'''
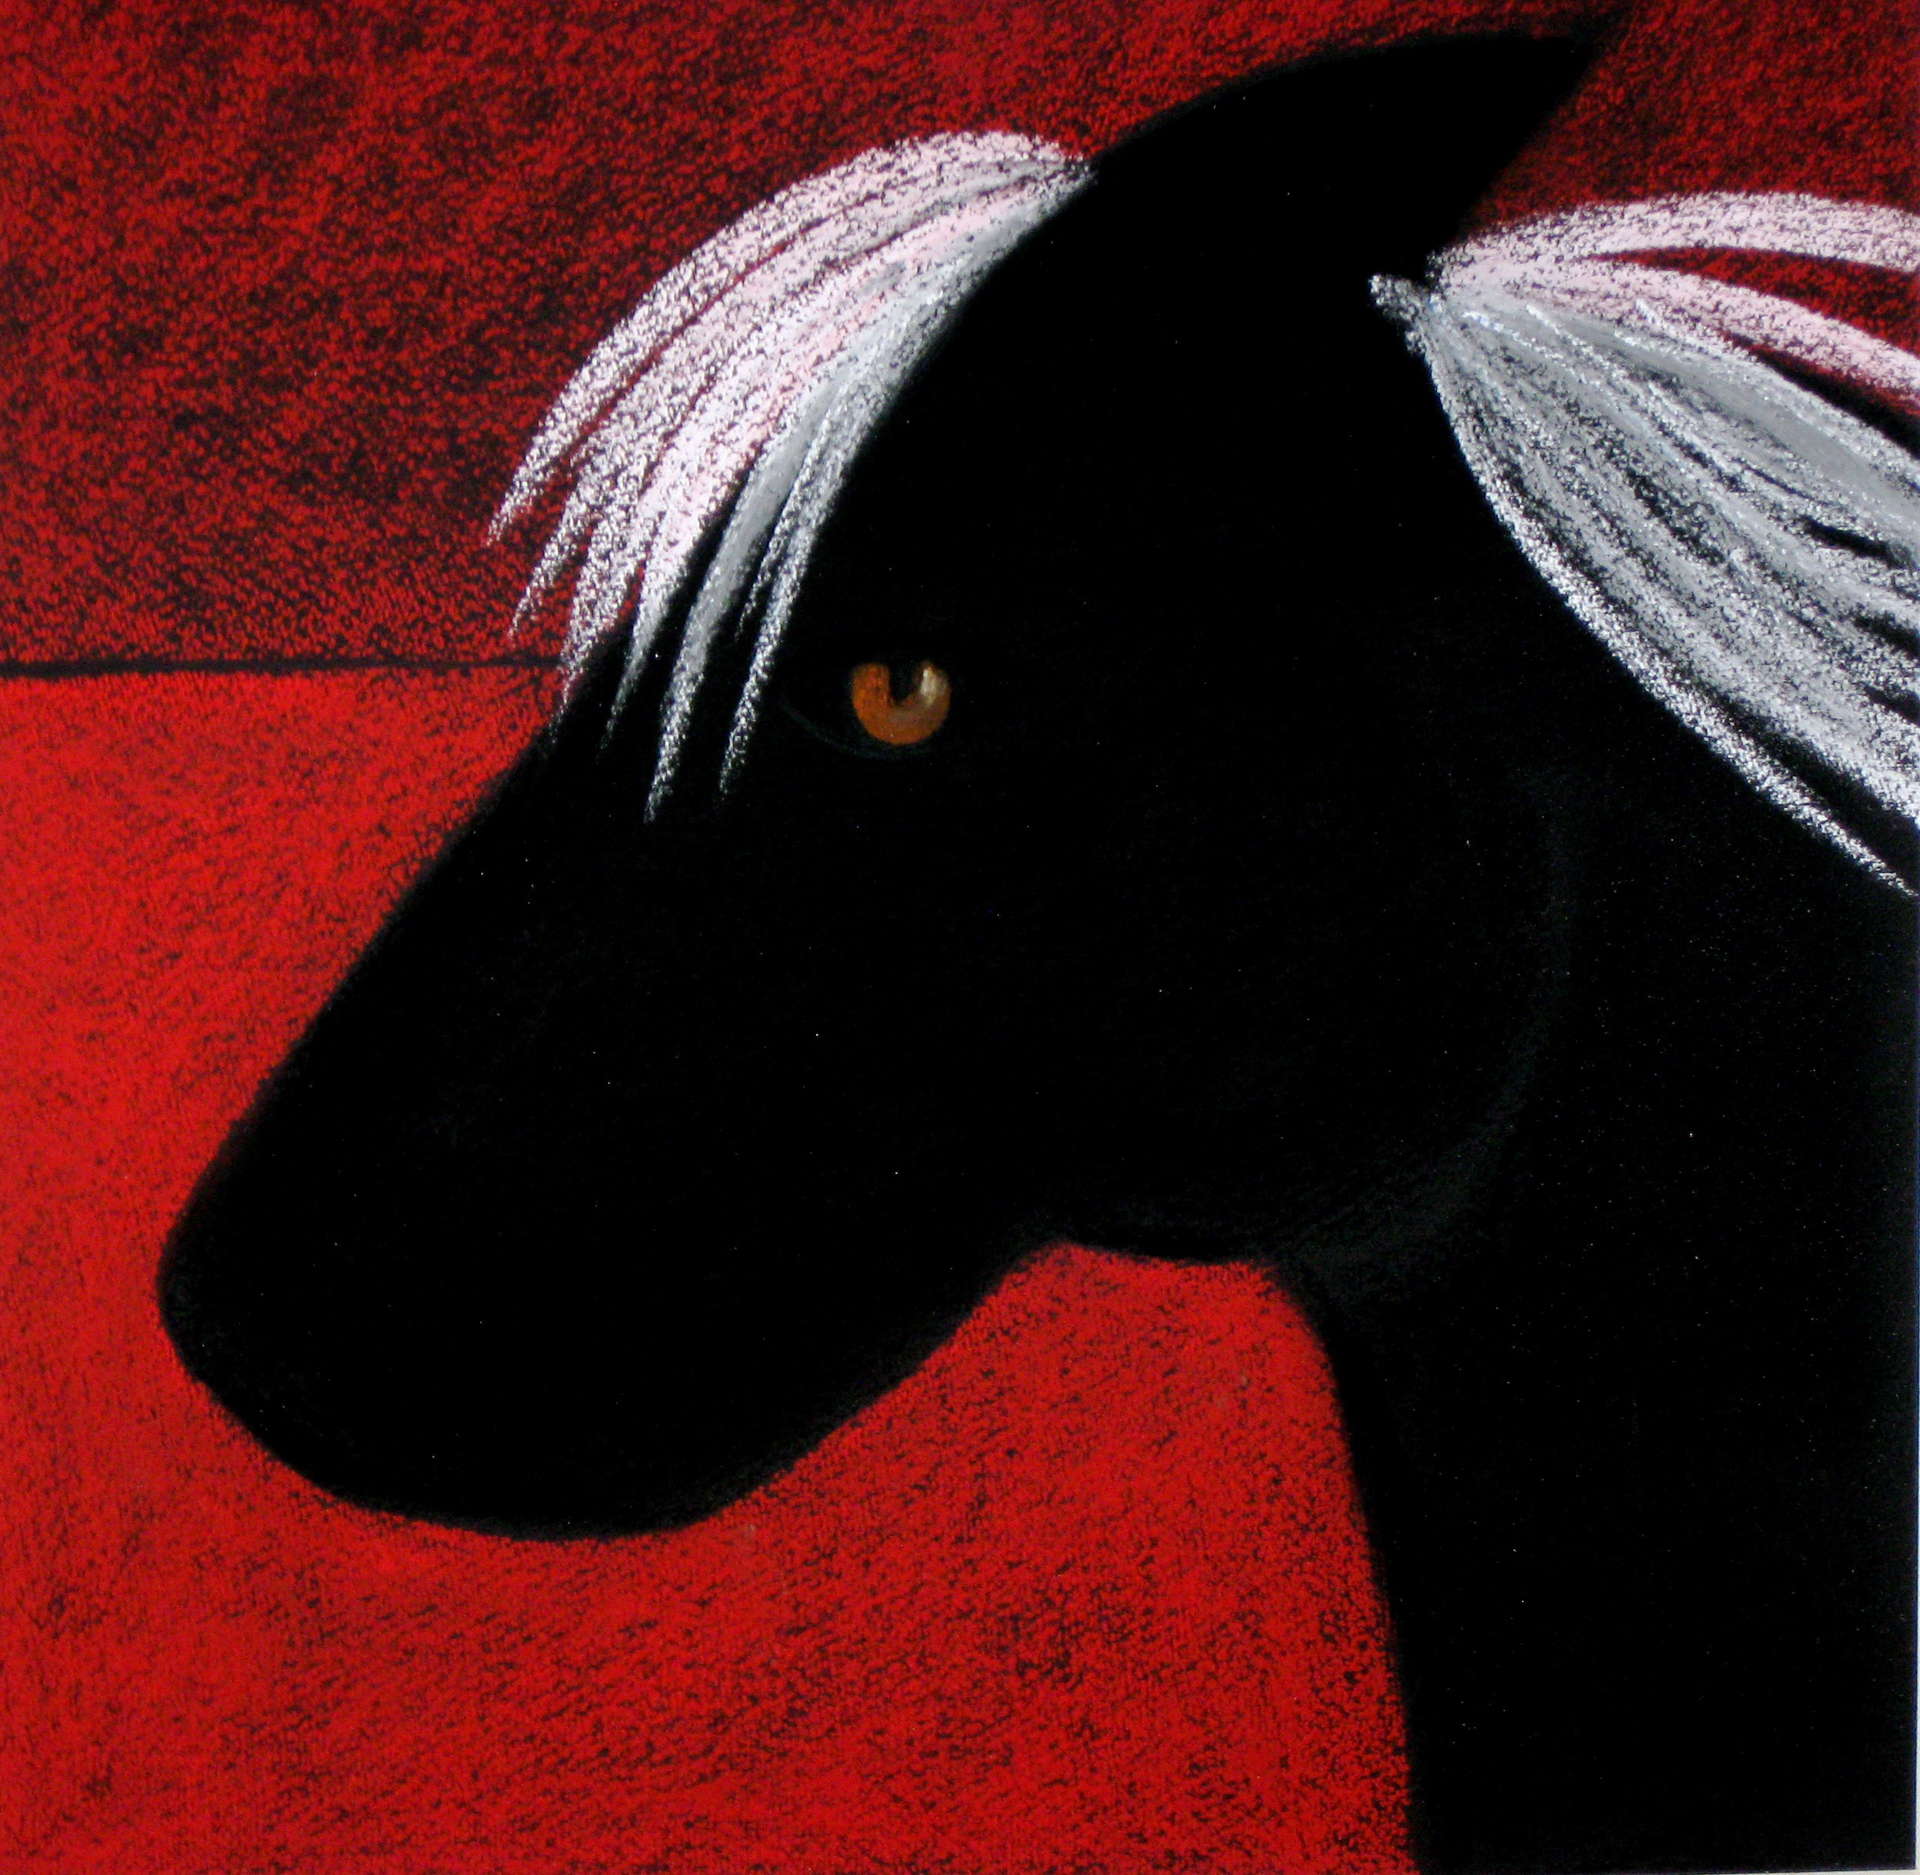 Black Horse at Dusk -SOLD available for commission by Carole LaRoche
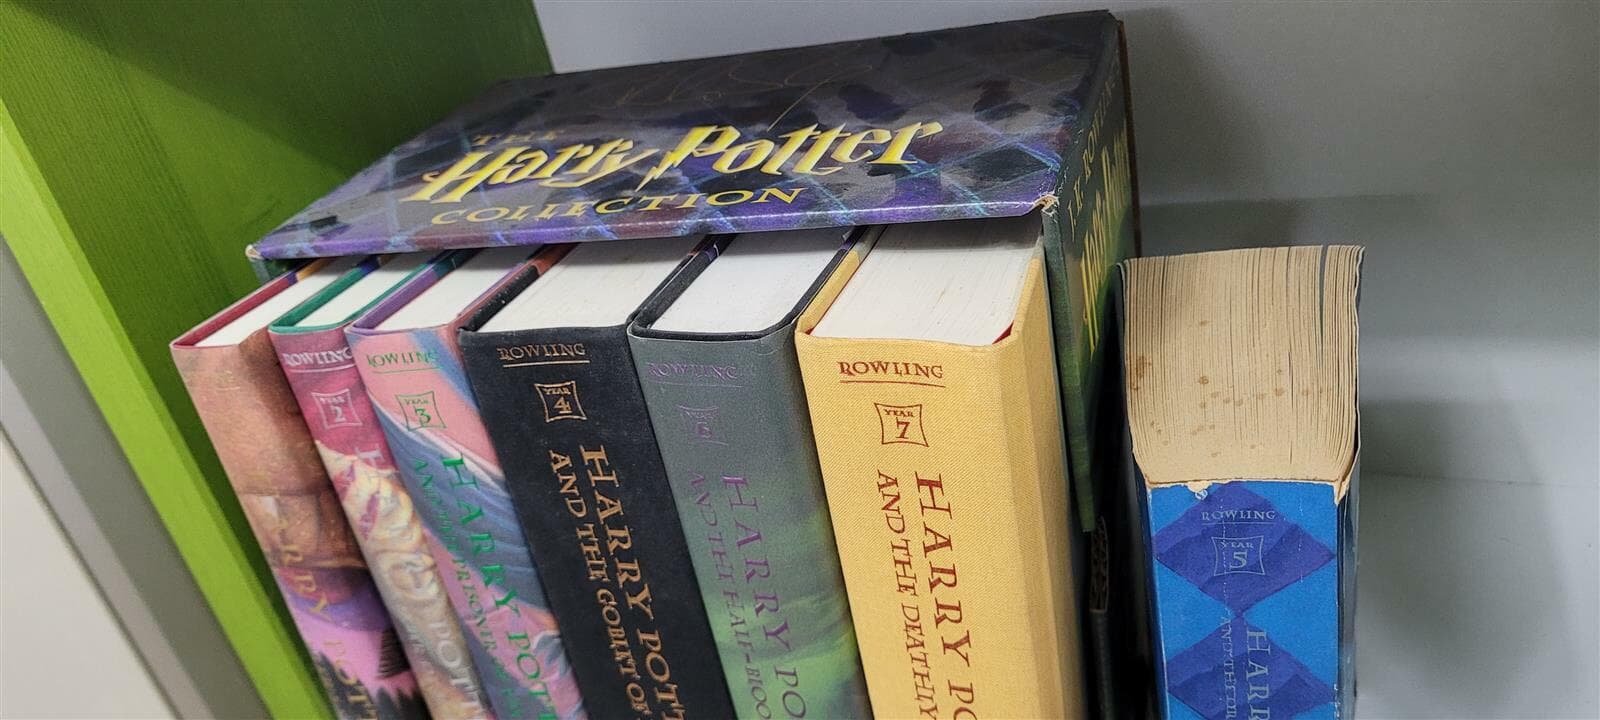 The Harry Potter Collection(양장본/상세설명참조)
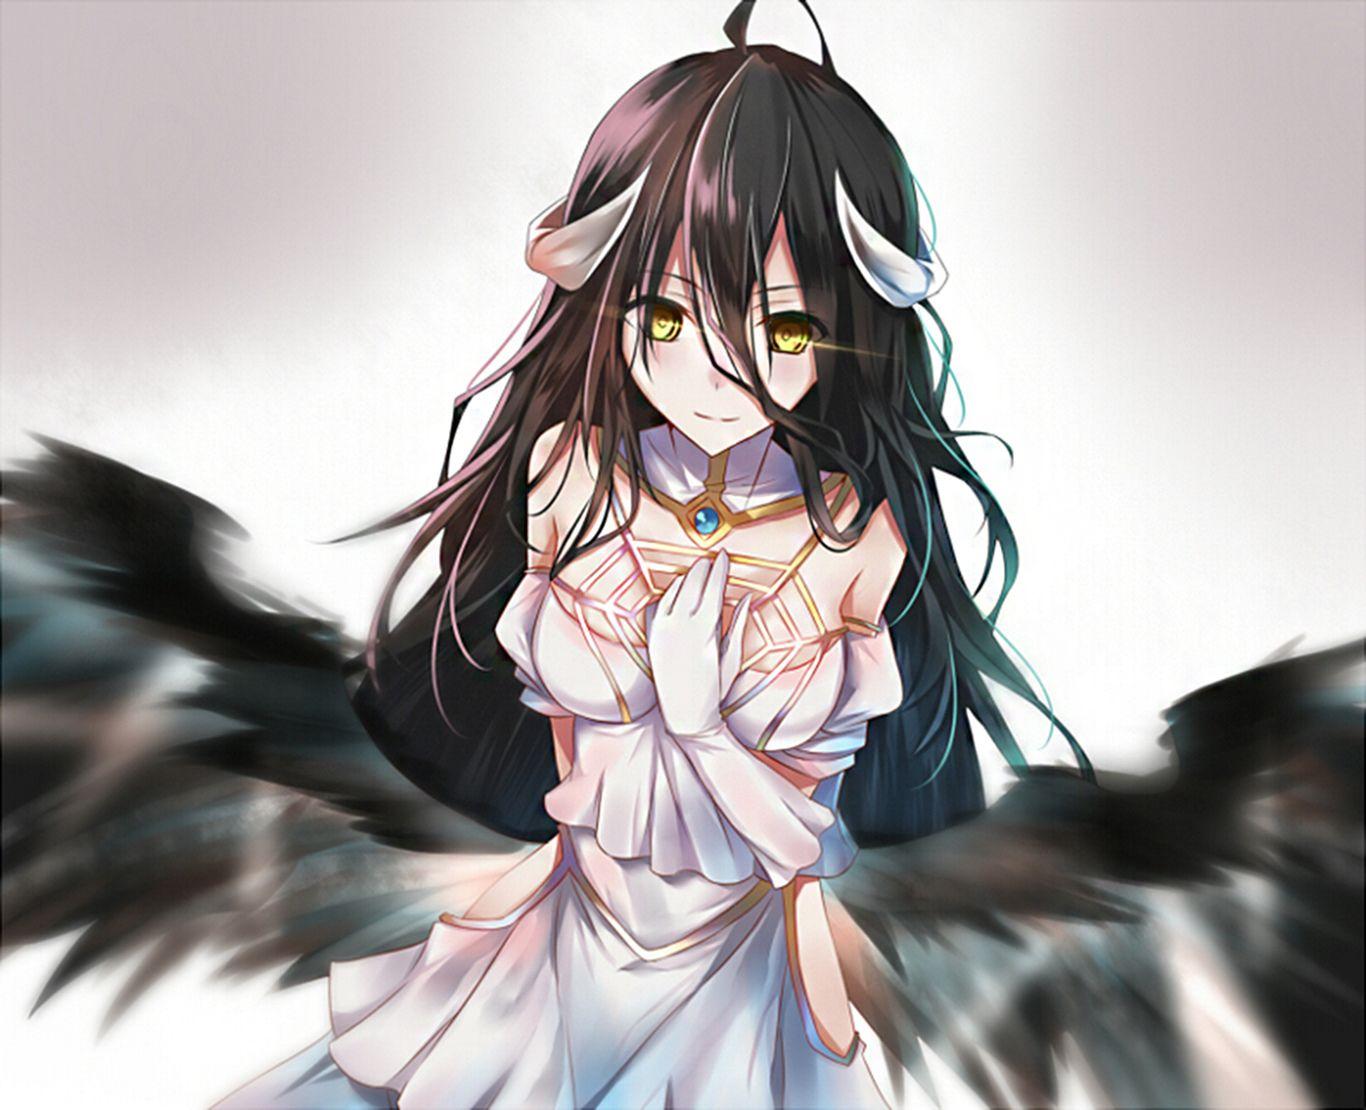 Wallpaper  Overlord anime anime girls Albedo OverLord 2729x3508   ConsistentHypocrite  987567  HD Wallpapers  WallHere
'''
PROBLEM DESCRIPTION. Write out the listing above in full, word for word, with no pictures.

RESPONSE FOR THIS EXERCISE.
 Black Horse at Dusk -SOLD available for commission by Carole LaRoche
 The Harry Potter Collection(양장본/상세설명참조)
 Wallpaper  Overlord anime anime girls Albedo OverLord 2729x3508   ConsistentHypocrite  987567  HD Wallpapers  WallHere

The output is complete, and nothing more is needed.